Le raz-de-marée attendu par le ministère et les associations n'a donc pas encore eu lieu : ces chiffres sont loin des 600 000 demandes potentielles estimées par le comité de suivi de la loi DALO dans son rapport remis en octobre 2007.
Ces résultats concrets sont jugés "modestes" par le ministère du Logement, qui prévoit de ne pas dépasser les 100 000 demandes en 2008. "Il s'agit d'un dispositif nouveau et (...) l'information des publics concernés se fait progressivement, au travers des associations, des travailleurs sociaux et des services de l'Etat", expliquent ses services.
Pas de raz-de-marée, mais une inondation
Pour Bernard Lacharme, secrétaire général du Haut Comité pour le logement des personnes défavorisées, le nombre de recours devrait tout de même exploser d'ici peu : "le niveau des recours va dépasser le niveau de réponses disponibles, l'inondation va arriver", a-t-il déclaré après une réunion du comité de suivi de la loi DALO, lundi 21 avril. "Elle ne sera pas généralisée mais sur les territoires qui manquent de logements sociaux. Le DALO est là, maintenant il faut l'assumer. Nous sommes dans l'obligation de résultat, donnons-nous les moyens !", a-t-il poursuivi.
Bien que l'afflux ne soit pas si important que cela, l'attribution effective de logement semble se faire très lentement. Après 1 294 décisions favorables prises par les commissions de médiation, les préfets n'ont attribué pour l'instant que 121 logements.
L'Ile-de-France réunit près des trois quarts des demandes avec 11 931 dossiers déposés, 491 décisions favorables mais 44 personnes seulement qui ont ainsi pu trouver un logement. Vient ensuite la région Provences-Alpes-Côte-d'Azur (PACA) avec 1 651 recours déposés, 144 réponses favorables et un seul logement attribué. La région Rhône-Alpes a observé de début janvier à fin mars la troisième plus grosse affluence avec 792 dossiers déposés, 99 demandes acceptées et seulement 5 logements attribués.

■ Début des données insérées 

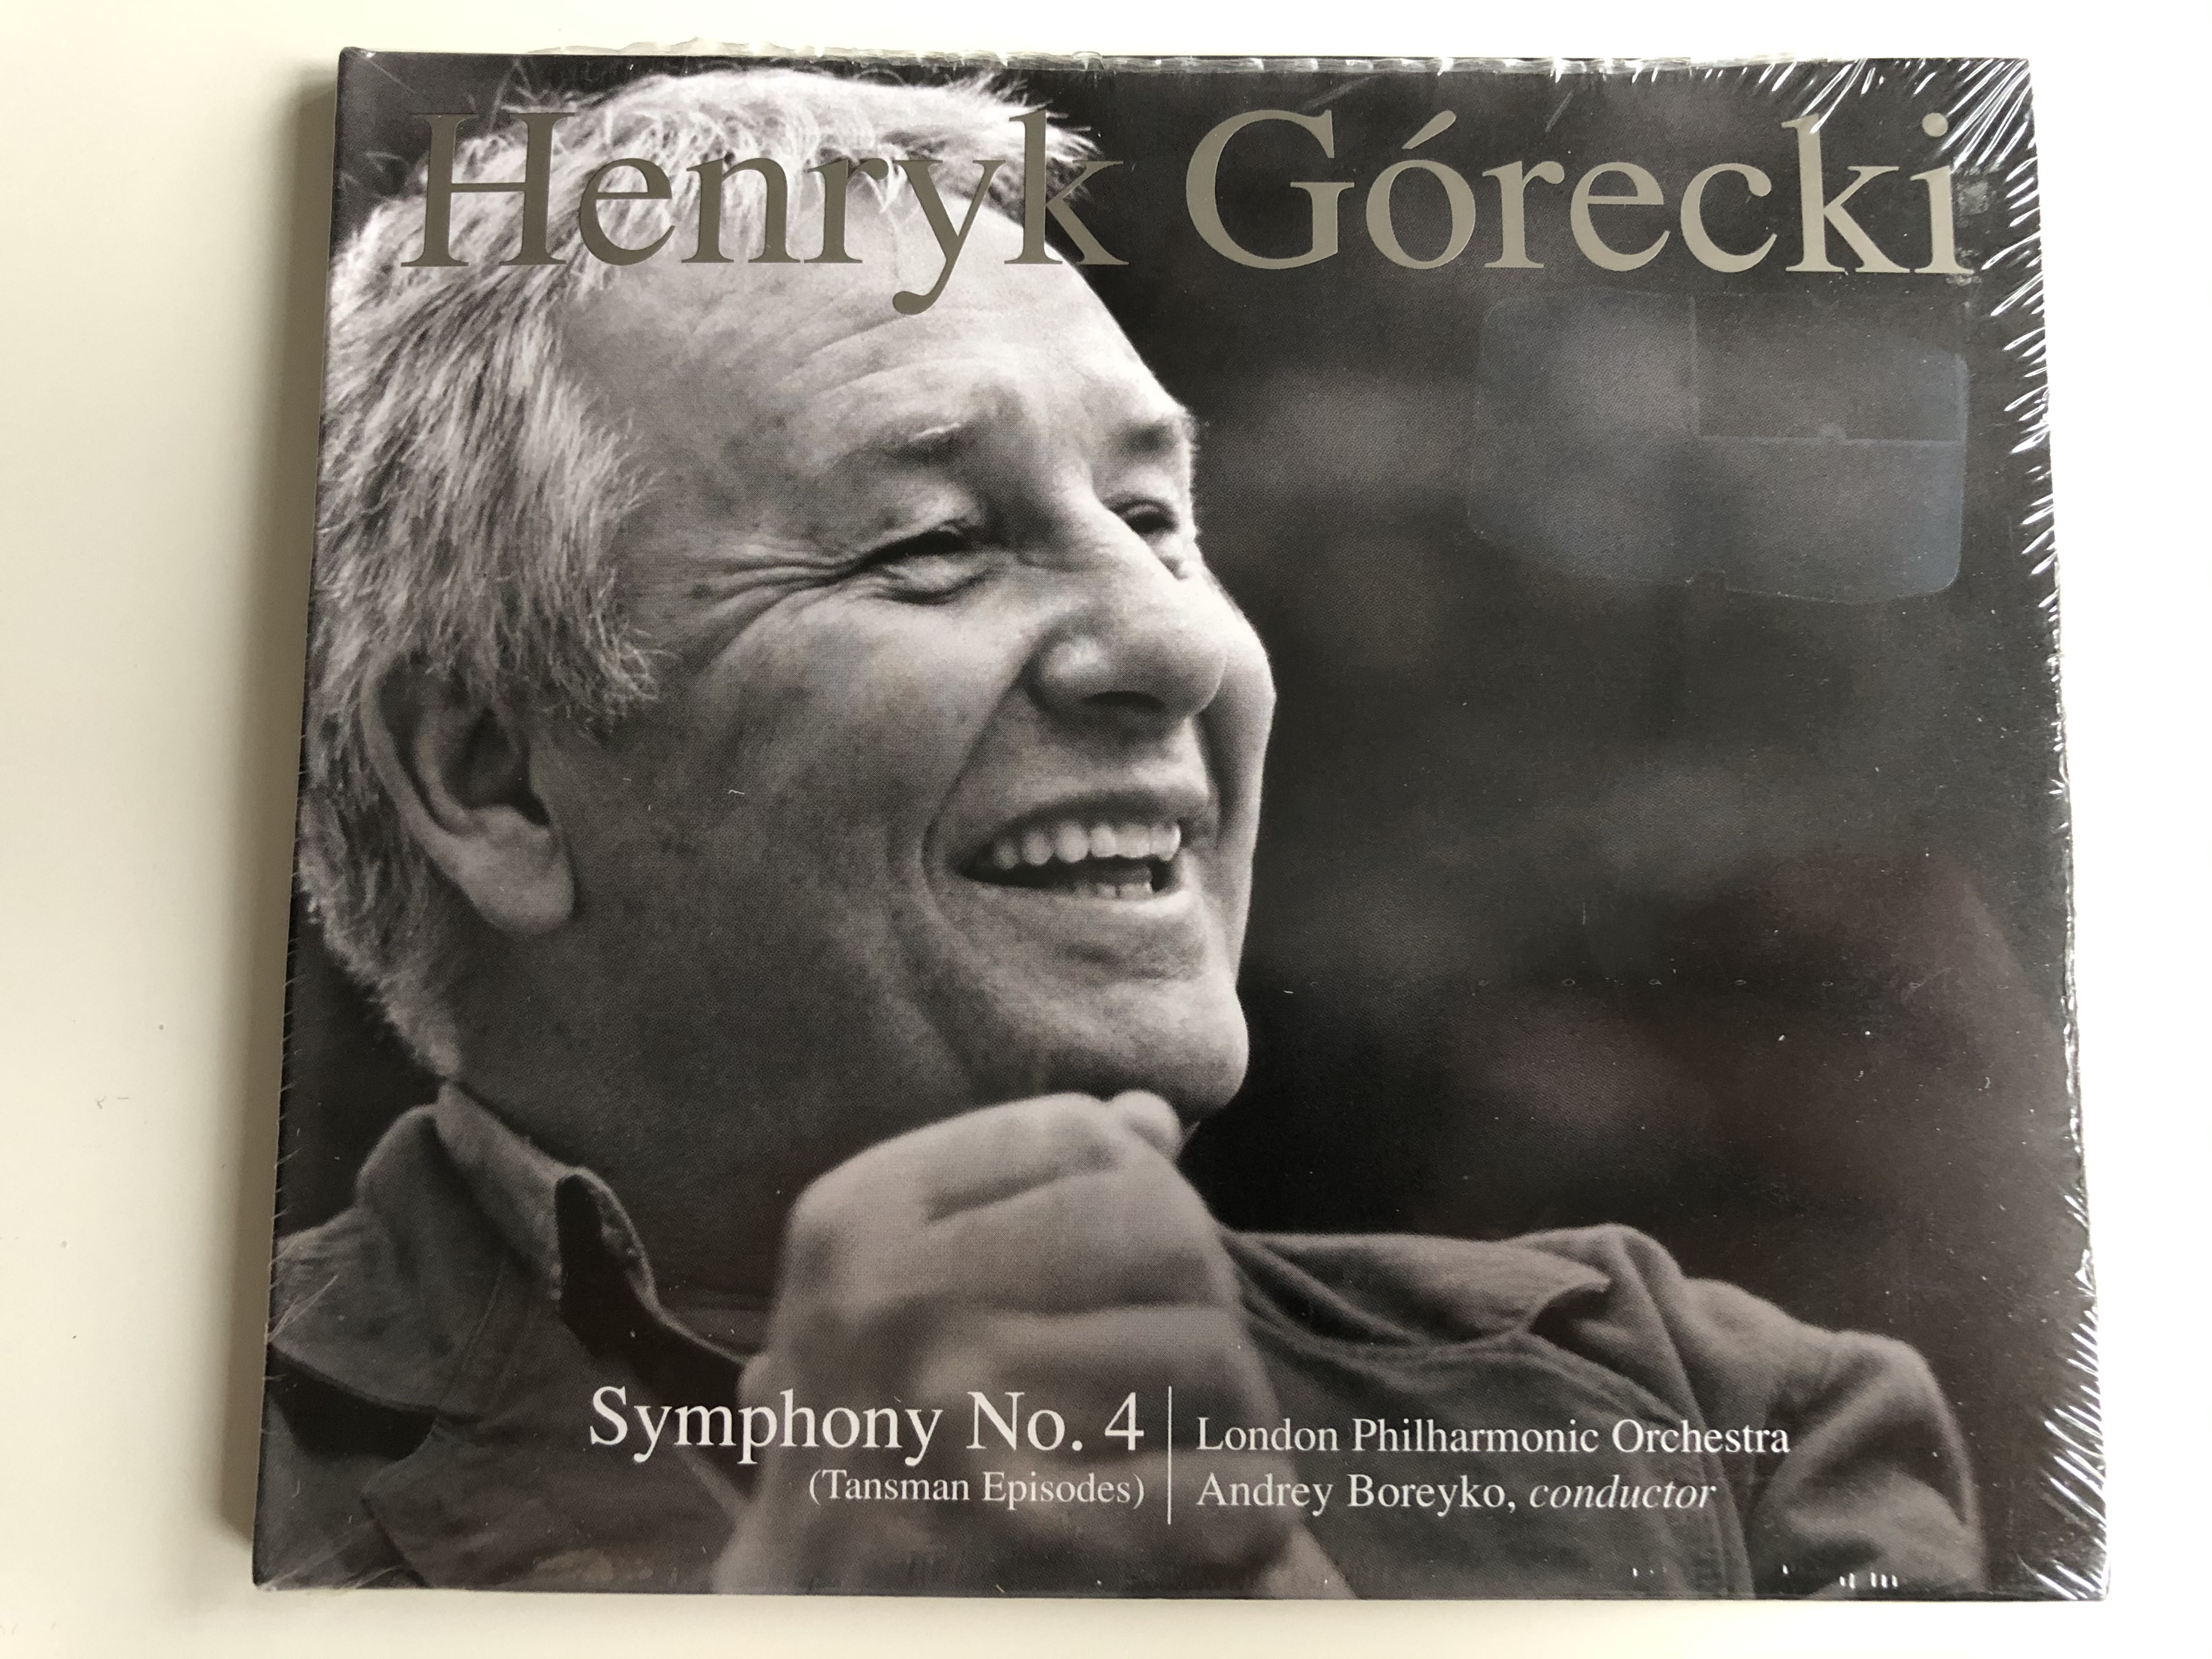 henryk-g-recki-symphony-no.-4-tansman-episodes-london-philharmonic-orchestra-andrey-boreyko-conductor-nonesuch-audio-cd-2016-7559-79503-4-1-.jpg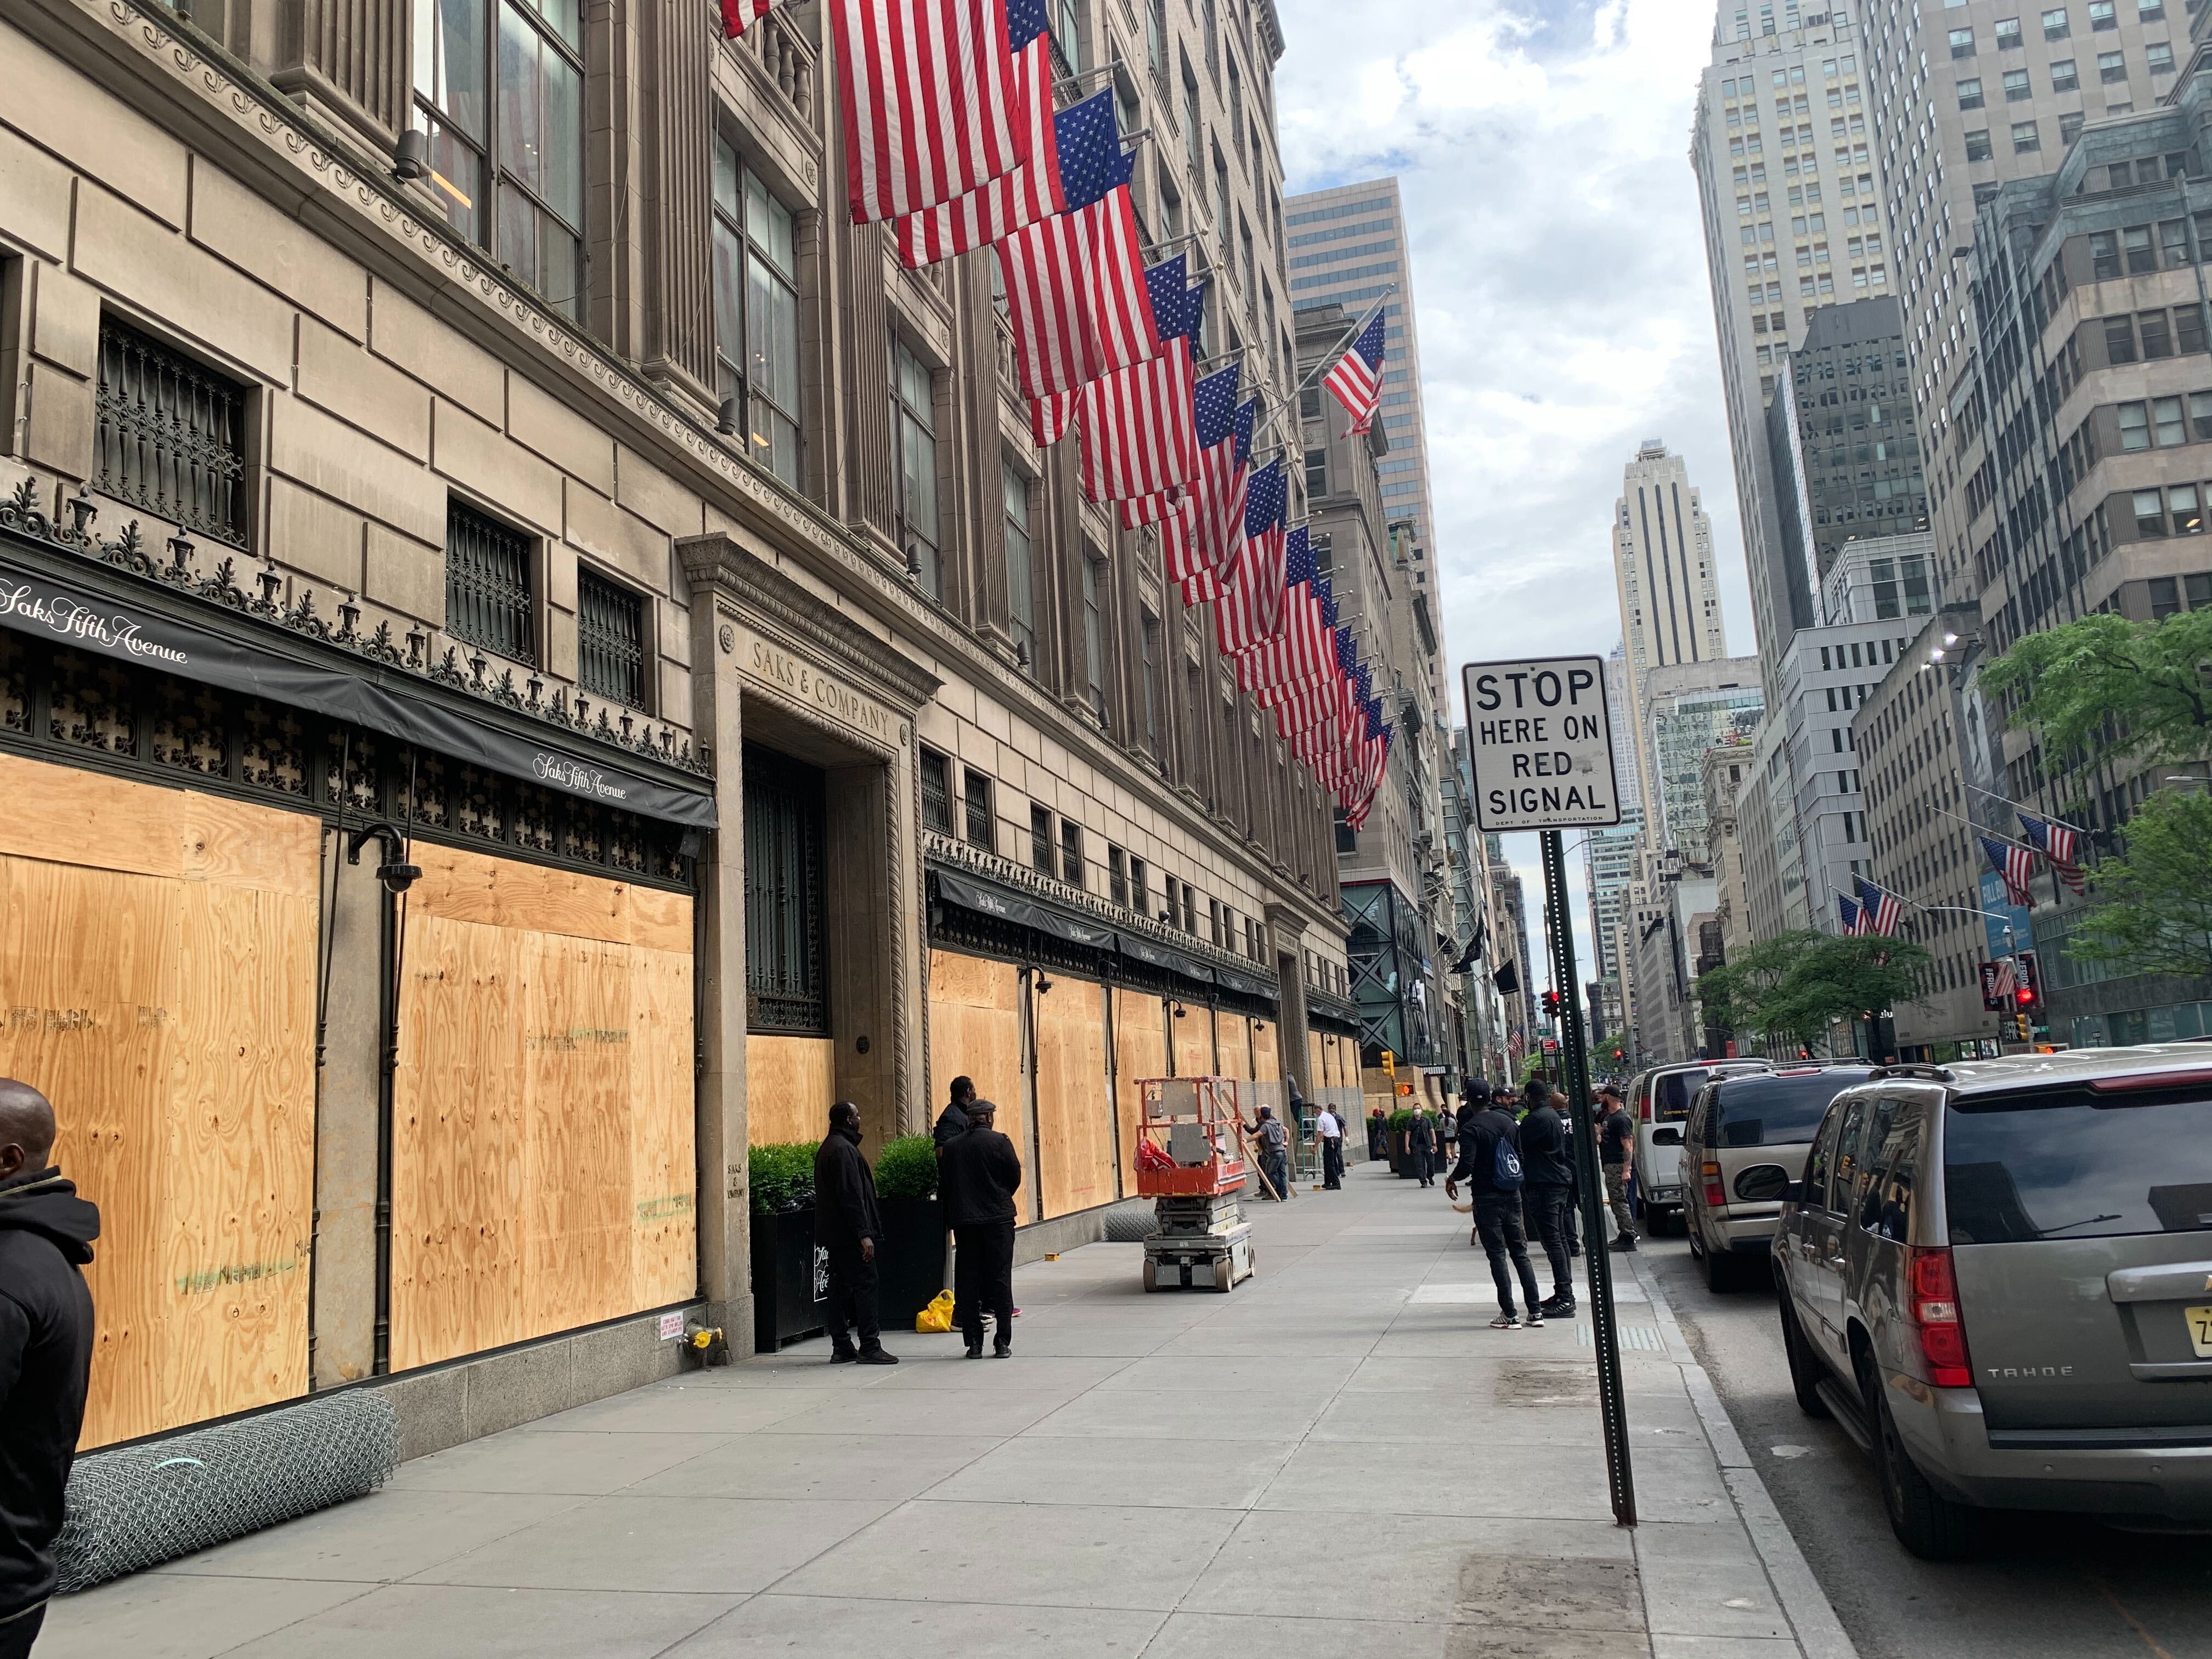 Saks Fifth Avenue opens new Manhattan store in bid to win luxury wars

Un quart des demandeurs sans logement
En ce qui concerne les demandes d'hébergement, la part la plus importante des recours provient de l'Ile-de-France (732 dossiers déposés sur un total de 985). Il y a eu 152 décisions favorables au niveau national (dont 107 en Ile-de-France) et 24 logements attribués par les préfets (16 en Ile-de-France). Les premiers résultats du dispositif renseignent aussi sur la situation des personnes ayant déposé un recours. Sur l'ensemble des dossiers déposés en France, 27 % provenaient de personnes dépourvues de logement ou logées chez des tiers. Quelque 12,5 % étaient menacées d'expulsion, 10,5 % vivaient dans des structures d'hébergement ou en logement de transition et 11 % étaient logés dans des locaux impropres à l'habitat ou insalubres.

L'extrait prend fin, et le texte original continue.